There now, that's better!

  PID USERNAME PRI   SIZE    RES     CPU COMMAND  
93942 spamd 96 43560K 42836K 0.00% perl5.8.6
95119 cyrus 4 39308K 4304K 0.00% imapd
93943 spamd 4 32956K 32276K 0.00% perl5.8.6
93940 spamd 4 32364K 31628K 0.00% perl5.8.6
93941 spamd 4 30064K 29356K 0.00% perl5.8.6

See, I told ya, it's possible ;-) Actually, the strategy was pretty simple and straightforward, since we've already been doing the more obvious steps such as using spamd instead of spamassassin. Our goal was to

  • reduce memory footprint of spamd processes
  • use a local DNS to speedup name lookups

While the latter was just a matter getting it over and done with, the former proved to be a bit more tricky. We opted to try, what happens, if we limit the size of mails processed by spamd - tests had shown, that even when just one of our clients was simply sending out a single email with a large(ish) attachment (say, 4 - 6Mb) the corresponding spamd child would eat up to 500Mb of RAM and max out the CPU.

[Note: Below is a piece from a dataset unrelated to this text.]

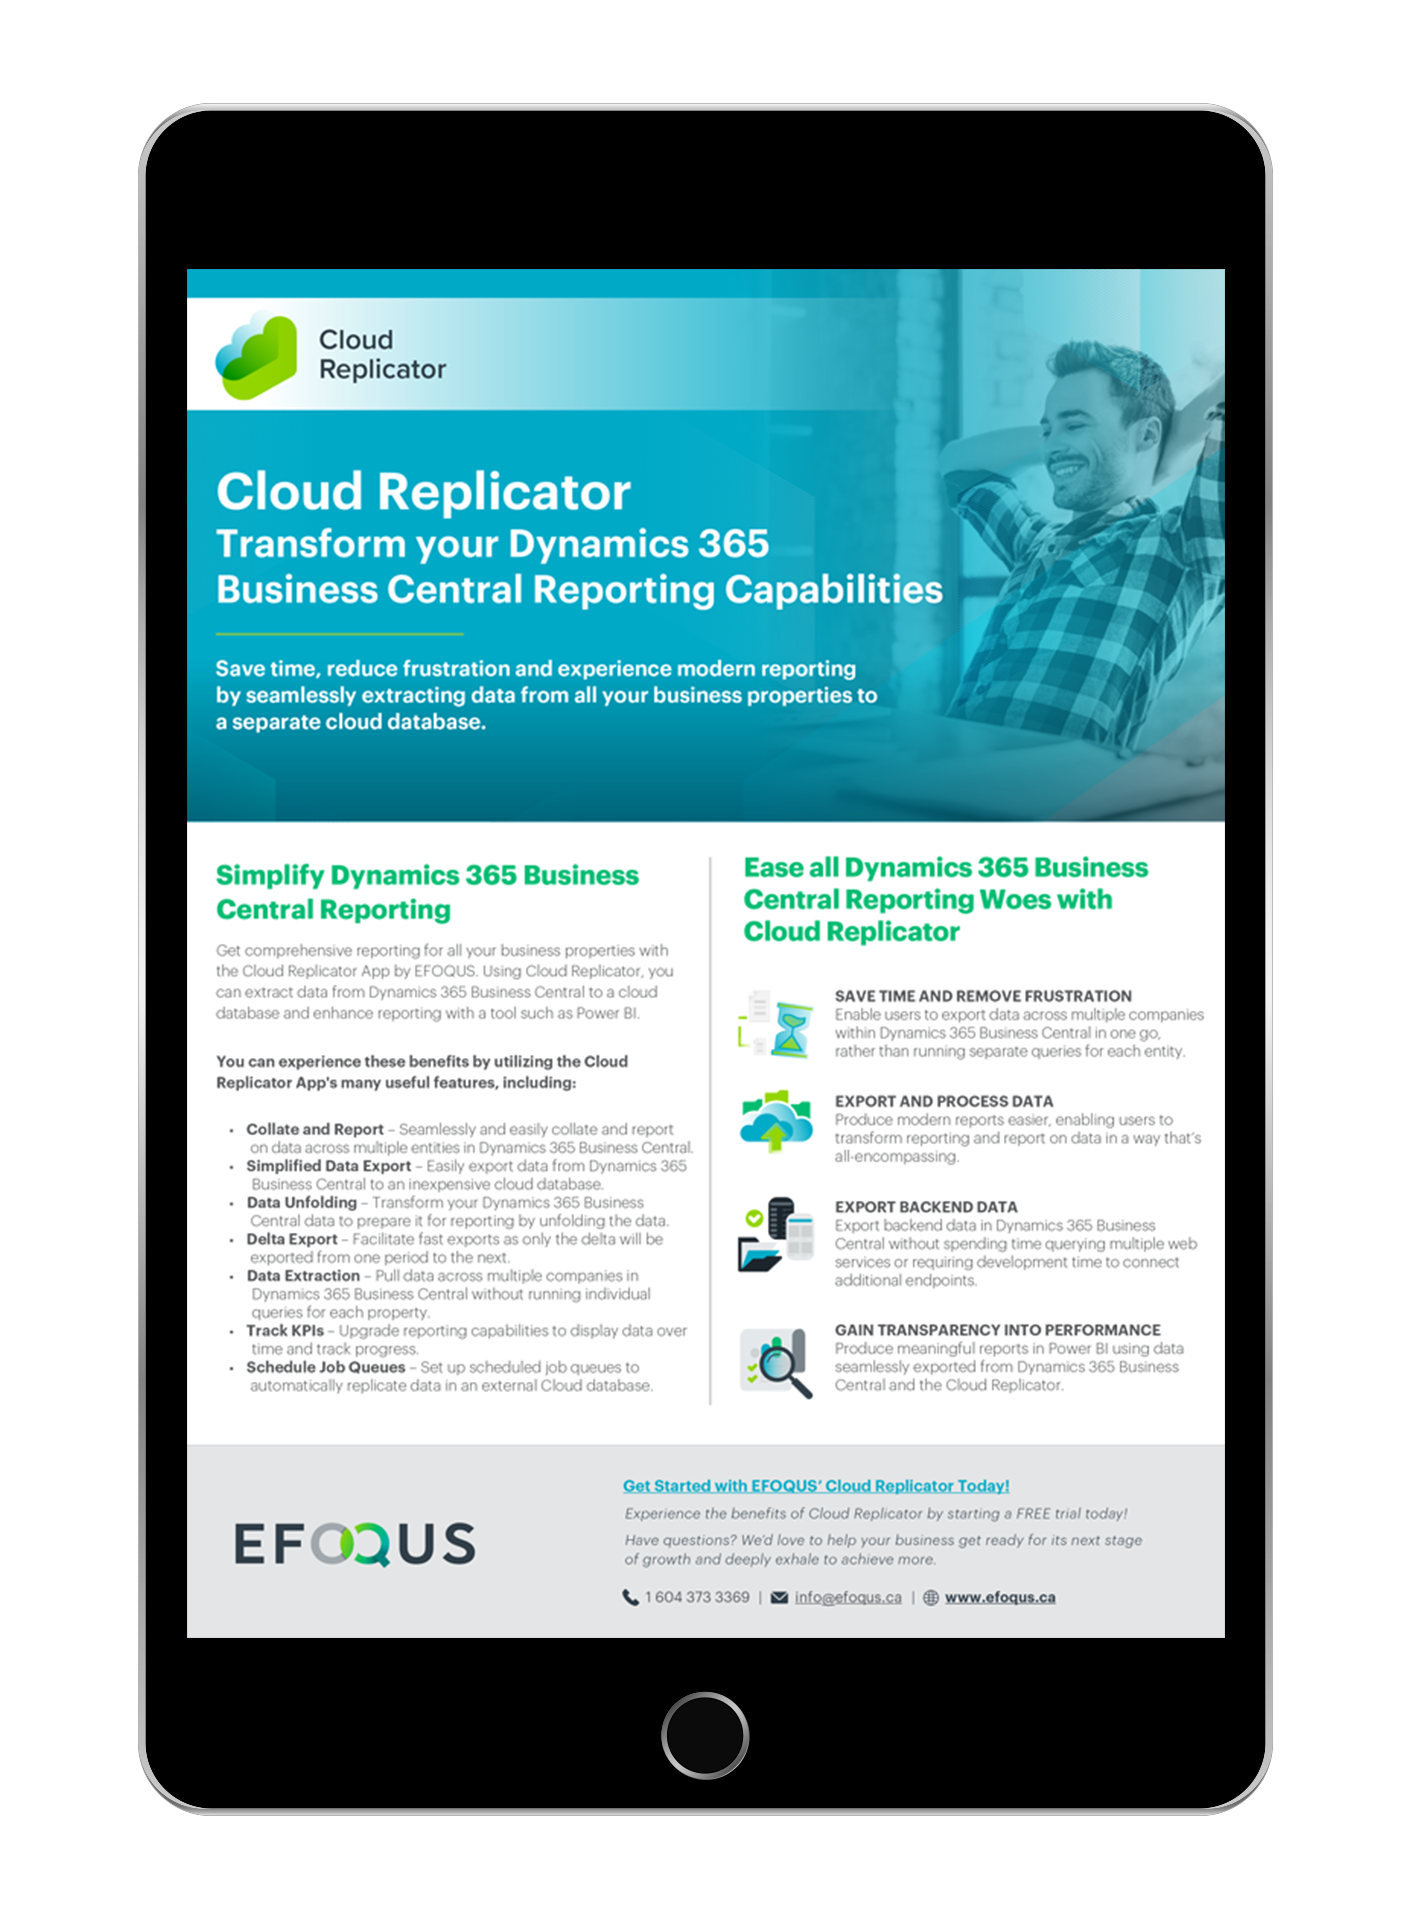 EFOQUS - cloud replicator guide - microsoft dynamics 365 business central resource

It just proved that our particular setup with Exim doesn't seem to be so well documented than the other two (it's only been introduced with Exim 4.5.x). Basicially, you compile exim with WITH_CONTENT_SCAN=yes and then can use the spam directive in your exim configuration rather than setting up various transports and routers where you pipe the mail through spamc (the leightweight client to spamd).

After hunting down the place where to modify Exim's spamc parameters in vain I finally stumbled over the crucial bit here. I could tell, that it was going to work, because it immediately seemed so obvious in hindsight - God bless Ronan McGlue ;-)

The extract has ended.